Among the top sellers was Antwerp painter Jan Davidsz. de Heem’s banquet still life, rediscovered after two centuries in the same private collection in England. Bidders on the phone with New York’s old master specialist Ben Hall and London’s Henry Pettifer moved the hammer price up to £4.8 million, making the final price £5.8 million with buyer’s fees ($7.7 million). The result marks a new benchmark for the artist, whose last record was set nearly three decades ago when a similar canvas Banquet Still Life with a Lobster (1642) sold at Christie’s in January 1988 to a private collector for $6.6 million.

“The Jan Davidsz de Heem was arguably the most significant northern still-life painting to come onto the market in a generation,” Pettifer said in a statement following the sale.

Master of the Plump-Cheeked Madonnas (active Bruges, first quarter of the 16th century), The Holy Family with Saints Catherine and Barbara Courtesy Christie’s

15th-century Florence painter Domenico Ghirlandaio’s Salvator Mundi, a rediscovered work which came to the market after a deep cleaning, also set a new artist record. Drawing six bidders total, including three represented over the phone by New York specialists, the work eventually hammered at £1.8 million and a final price of £2.2 million ($2.9 million), more than three times the estimate of £300,000. The winning bidder was on the phone with Francois de Poortere, head of Christie’s old masters department in New York.
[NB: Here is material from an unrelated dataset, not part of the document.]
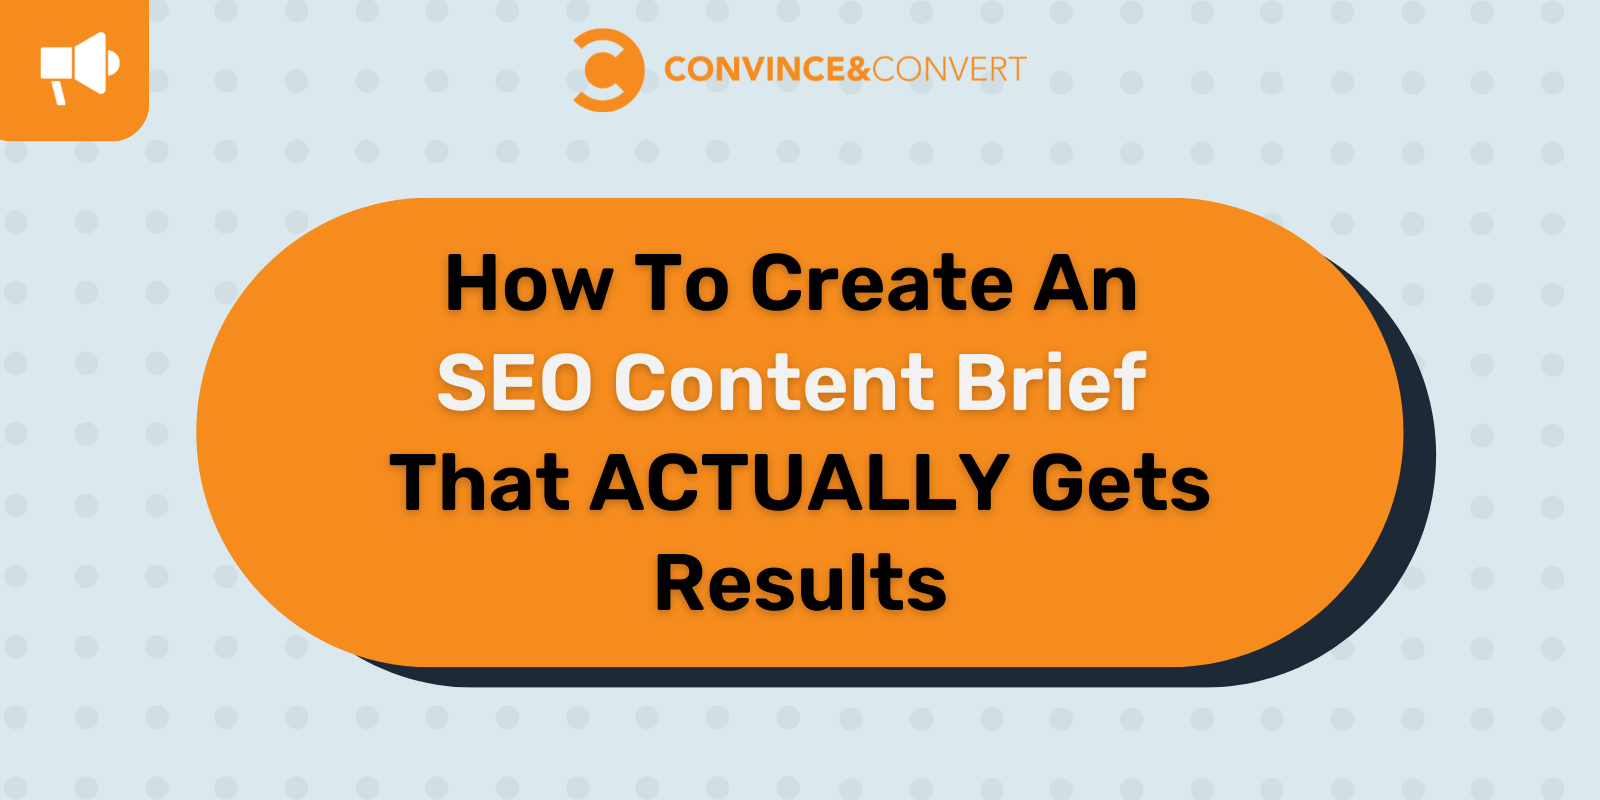 How To Create An SEO Content Brief That ACTUALLY Gets Results

The recently rediscovered work had been in the same family’s collection since 1955 and last sold in 1832 at auction in London for £46. The result moves up the artist’s record past the previous high of $1.9 million paid for The Temptation of Saint Anthony at Sotheby’s London in 2008. “To see that kind of competition for the painting was incredibly encouraging,” said Pettifer of the Ghirlandaio result.

Formerly believed to be lost since its deaccession from the Alte Pinakothek Munich in 1929, The Drummer Boy, a 17th century child genre painting by Dutch painter active in Leiden Frans van Mieris, The Elder went for £1.8 ($2.3 million) against an estimate of £800,000-£1.2 million. Elsewhere in the sale, 17th century Amsterdam painter Paulus Potter’s Landscape with cattle and a woman cleaning a bucket by a stream was among the top seller, although it hammered below the estimate of £2 million, going for £1.6 million ($2.1 million) with buyer’s fees. 
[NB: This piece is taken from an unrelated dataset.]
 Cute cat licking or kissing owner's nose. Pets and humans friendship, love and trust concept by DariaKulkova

Ravenna painter active in the 15th century Francesco Zaganelli da Cotignola’s The Holy Family sold for £640,500 ($853,146) with buyer’s fees, against the 600,000 estimate, likely going to the guarantor. Anthony van Dyck’s guaranteed Adoration of the Shepards from the 17th century sold for £500,000 ($672,000), 33 percent above the low estimate. The work realized a solid return, making 11.5 times its last price of £43,250 the seller paid at Sotheby’s London in December 2012 to acquire the work.
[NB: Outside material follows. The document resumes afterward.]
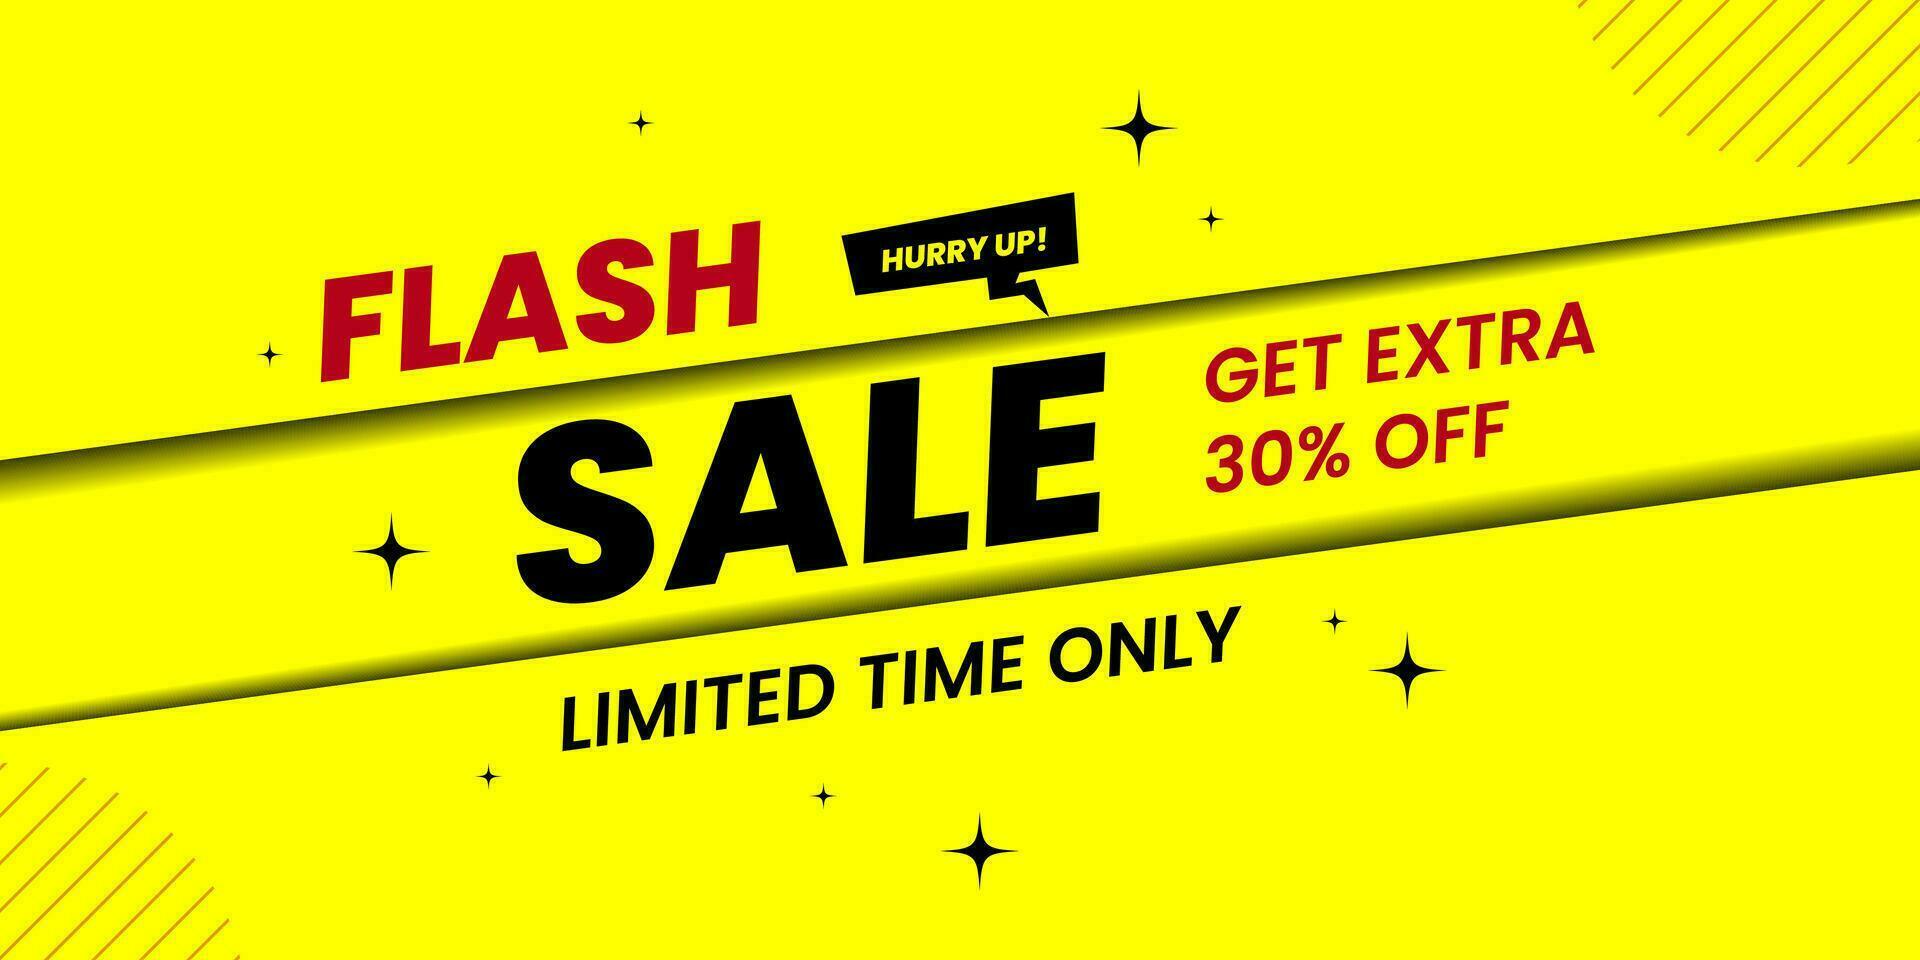 Flash sale promotion special offer limited in time. Sale banner with 30 percent off. Get extra discount invitation. Commercial poster, coupon or voucher vector illustration

Joos Van Cleve’s small-scale Portrait of King Christian II of Denmark
Courtesy Christie’s

For some old masters sellers, reattributions through scholarly research can lead to high returns. Antwerp painter Joos Van Cleve’s small-scale Portrait of King Christian II of Denmark— a piece which the auctioneer introduced as “jewel-like,” drew competitive bidding eventually going to a client with Henry Pettifer for a hammer price of £380,000 or $475,000 with buyer’s fees ($639,000), above the £300,000 high estimate. The seller purchased the work when it was attributed to a German School painter for €22,500 ($20,000), double the estimate of €10,000 at Vienna-based auction house Dorotheum in April 2015. The sale marks a staggering increase of 3,095 percent in value over the five year holding period.

Meanwhile, another work by 17th century female Dutch painter Rachel Ruysch, known as one of Holland’s top floral painters, outperformed. Ruysch’s floral still life completed in the early 1690s (circa 1691-1694), sold for £412,500 ($555,000), four times the low estimate of £100,000. That price marks a return of 370 percent over nearly two decades since it last achieved £88,000 at Christie’s London in 1992. A portrait of a noble woman by Spanish artist Bartolomé González’s dated 1621, during the period in which the artist served as a court painter to King Philip III of Spain also well surpassed its estimate. Held privately since the early 20th century in a Madrid collection, the work made £237,500, five times its estimate of £50,000 in its market debut.